Finding a role for students at Trustee Meetings

By Editorial Staff

If you are a student, trustee meetings are kind of like folklore. You hear about the trustees, and you get emails about their meetings, but who they are and what they do is pretty mystical. For a few students though, the trustees are colleagues, if only four times year. Most trustee meetings, believe it or not, usually include student representative. They were invited to committee meetings in March, they went to the 1812 leadership circle in New York in December and a few typically linger on campus just long enough to make it to the June meeting as well. What they do there is unclear, and unfortunately it appears that students do not currently have a role at all.

After March’s meeting members of Student Assembly who attended the committees meetings commented on how they were at best left alone at the meetings and at worst literally not offered a seat at the table. Their presence felt symbolic and hollow, a phony gesture to fulfill some well-intended resolution. Trustees did not ask them many questions, and most of the members felt unwelcome to comment on the matters at hand. It is hard to know whom to pin this disconnect on, but it is impossible to say it does not exist. However, while this half-hearted charade is problematic, maybe it has a lesson. The Board of Trustees have committees on Budget and Finance; Admission; Student Affairs; Honorary Degrees; Buildings, Grounds and Equipment; Planning; and Instruction all things that are vitally important to running a college, but not necessarily pertinent to students’ lives.

While the invited members of Student Assembly felt ignored, they also seemed out of place. Can students really add value to conversations about the budget? Do they have the knowledge to contribute to a conversation on development? It is unclear if students could have a productive role in these meetings. At no fault of our own, these subjects exceed our expertise.

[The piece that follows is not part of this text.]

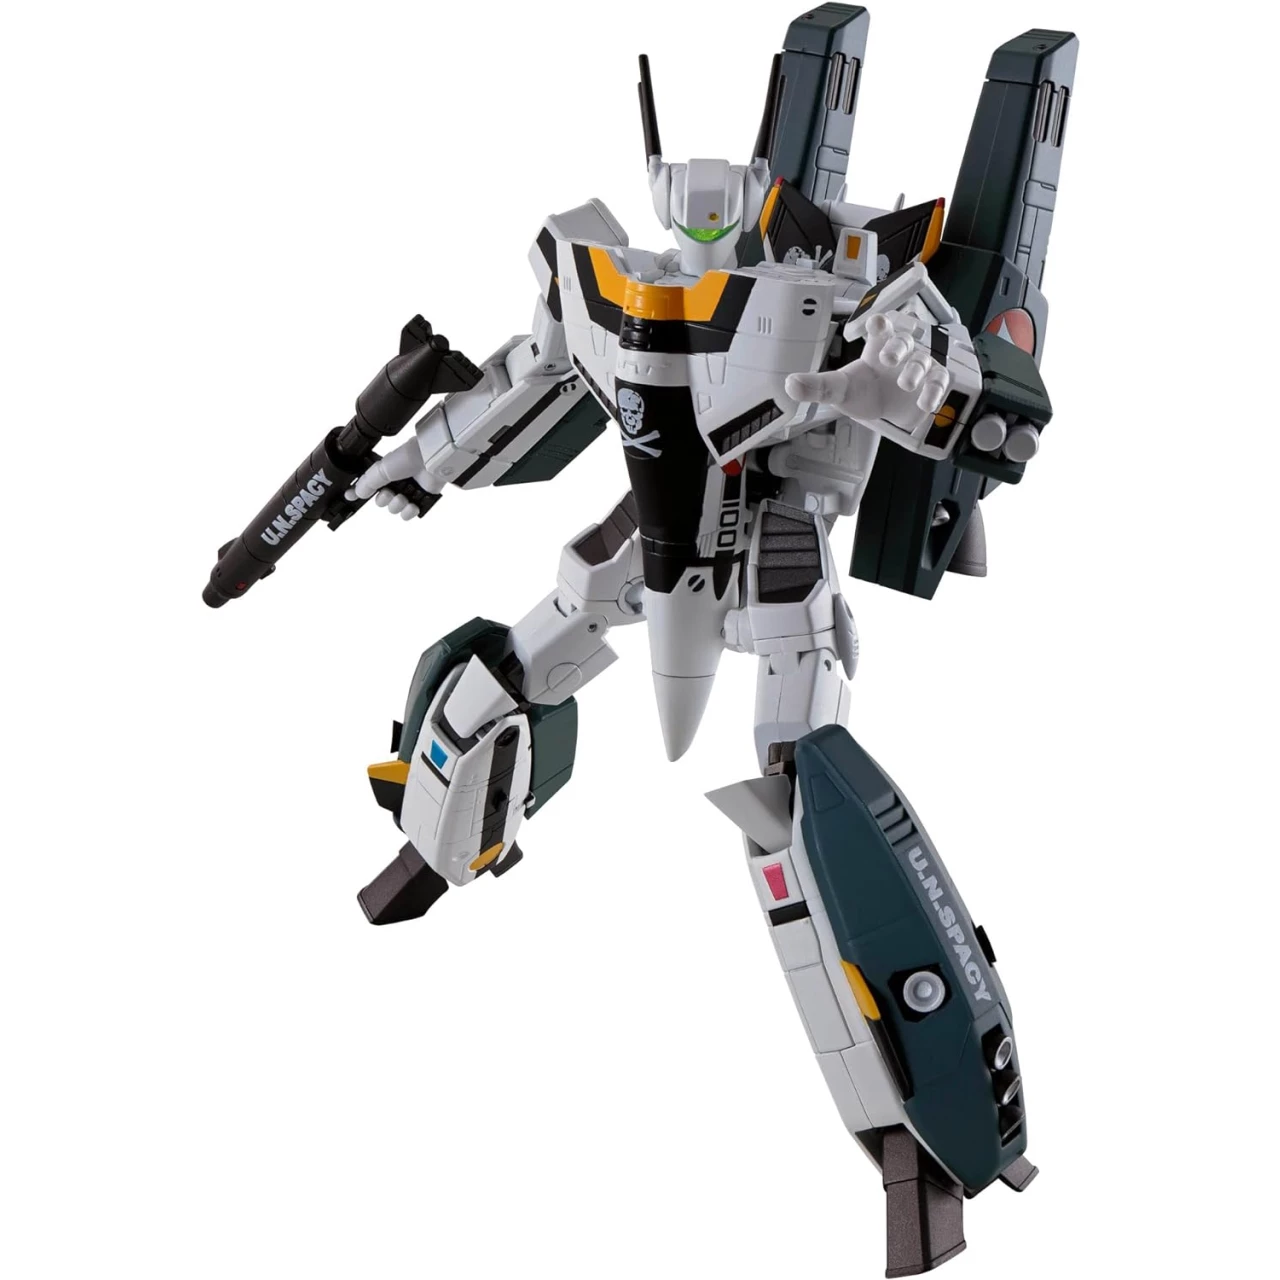 BANDAI SPIRITS(バンダイ スピリッツ) HI-Metal R Super Time Fortress Macross VF-1S Super Valkyrie (Kireki Ichijo), Approx. 5.5 inches (140 mm), Die-Cast &amp; ABS &amp; PVC Pre-Painted Action Figure

That said, students could be a vital resource elsewhere. Unlike the trustees, we all live and work here, giving us privileged insight on certain issues. Who other than a student can speak to student affairs? Who better than a resident can speak to the quality of our facilities? We have specific worth in these committees, but sadly the trustees seem to be squandering a valuable resource when it is right in the room with them. We at The Spectator do not pretend to know how to run a college, but we do know that when you want information you have to have a good source. Students can be useful, informative tools at trustee meetings in the future, but it will require that the trustees discern what advantages we have, and how they can use our perspectives to improve the college collectively going forward.